Je la rassurai en lui disant que l’état de son mollet ne m’inquiétait pas du tout. Mais malgré cela, elle gardait son air inquiet : – Tu as peur ? Maria hocha la tête : – Oui Cet aveu sembla l’apaiser. Elle me raconta comment elle s’était égratignée. C’était surtout le fait que ce soit un bout de fer qui l’inquiétait. Elle avait entendu à la télé que c’était très grave de se piquer avec un bout de fer et qu’après, on pouvait mourir. Saisie et stupéfiée, elle n’avait rien osé dire. J’ai supposé que Maria assimilait ce qui lui était arrivé avec le fait de se piquer avec une aiguille souillée. Nous parlâmes un moment de blessures, de risques, de prévention, de soins, puis elle alla tranquillement jouer. Les enfants accèdent régulièrement à des informations, dont les adultes n’ont pas toujours conscience. Nous ne mesurons pas la portée qu’elles peuvent parfois prendre. Comme les enfants n’en sont pas destinataires, nous ne pensons pas qu’ils reçoivent ces mots et ces images. Pourtant, ils entendent et voient les médias, perçoivent les conversations… Même s’ils ne font que passer et ne sont pas devant la télé, la radio, l’ordinateur. Même s’ils ne paraissent pas concernés ou intéressés par ce qui se raconte ou ce qui est vu. Même s’ils ne prennent pas le journal pour lire l’article, dont le titre et les photos s’étalent sur la page. Souvent, ces informations ne leur sont pas décryptées, parce que l’on ne se rend pas compte qu’ils les captent ou parce qu’elles nous paraissent banales et sans enjeux. Pourtant, ces informations parcellaires qu’ils perçoivent dans leur environnement ont un impact.
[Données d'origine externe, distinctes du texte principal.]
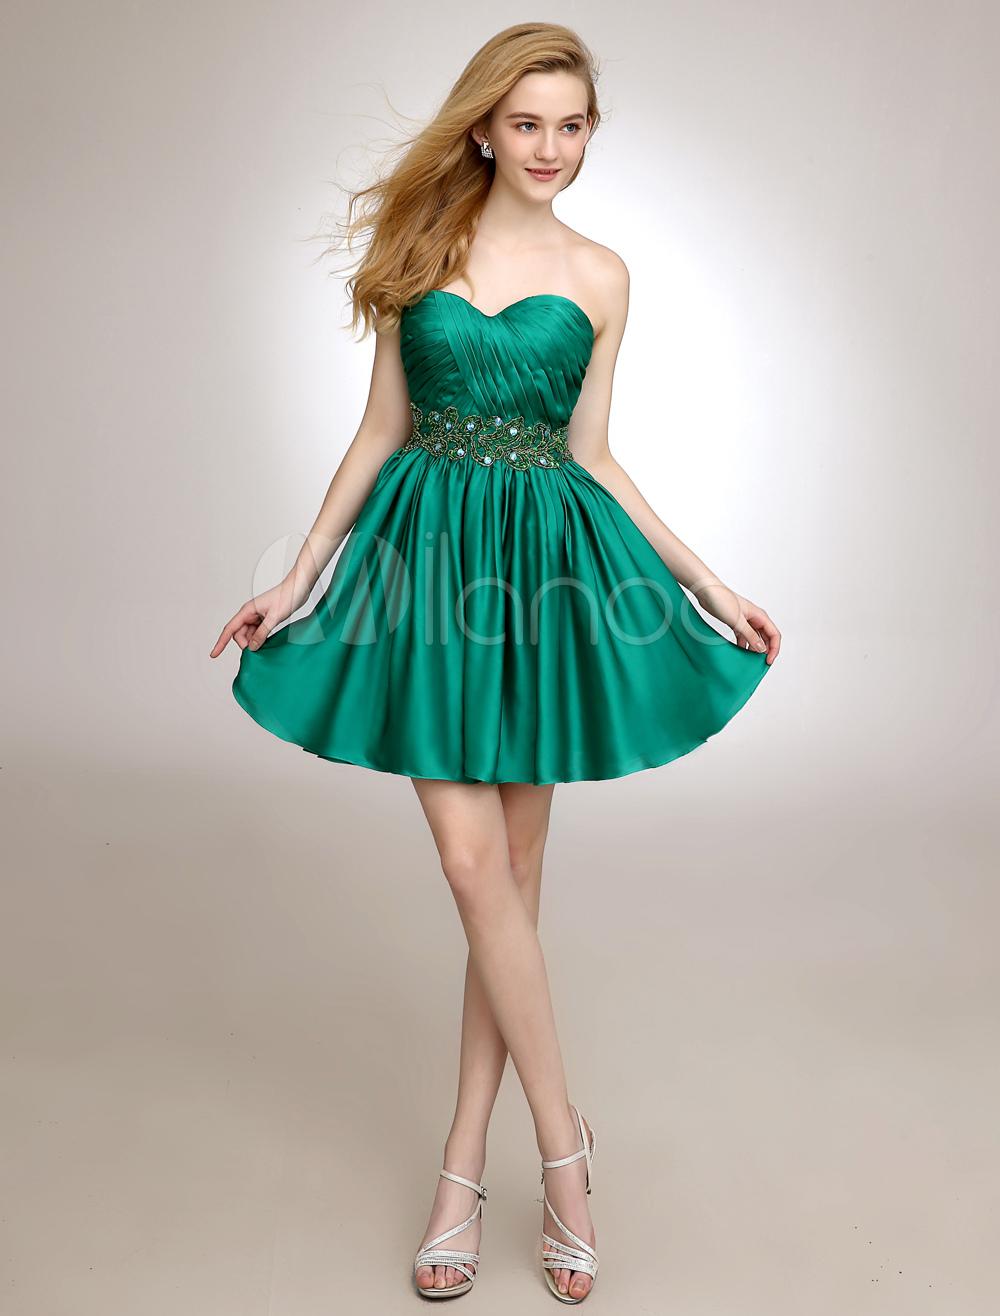 Short Sweetheart Homecoming Dress With Draped Chiffon

Ouvrir des espaces de parole

S’il y a évidemment des informations qu’il est essentiel de décrypter en direct avec les enfants, Il ne s’agit pas pour les adultes d’expliciter tout et en permanence, ce qui serait insupportable aussi bien pour les enfants que pour eux. Mais il me semble qu’il est important pour tout éducateur d’écouter et d’ouvrir des espaces de parole dans lesquels les enfants sachent qu’ils peuvent déposer leurs interrogations et leurs inquiétudes. Cela peut être formel. Parfois l’occasion d’un point sur l’actualité et ce qui les a intéressés peut les amener à poser leurs inquiétudes par rapport à ce qu’ils ont vu et entendu. Lors de l’épidémie de grippe d’il y a quelques années, je m’étais rendu compte au cours d’une discussion avec des élèves, que certains étaient vraiment inquiets quant au nombre de morts égrené journellement aux informations. Mais ces espaces de paroles doivent aussi être informels et l’enfant doit savoir qu’il peut parler de ce qui l’inquiète à un adulte capable de l’écouter et prendre en compte ses craintes. Un adulte conscient de l’impact que peuvent parfois avoir les informations auxquelles les enfants sont confrontés.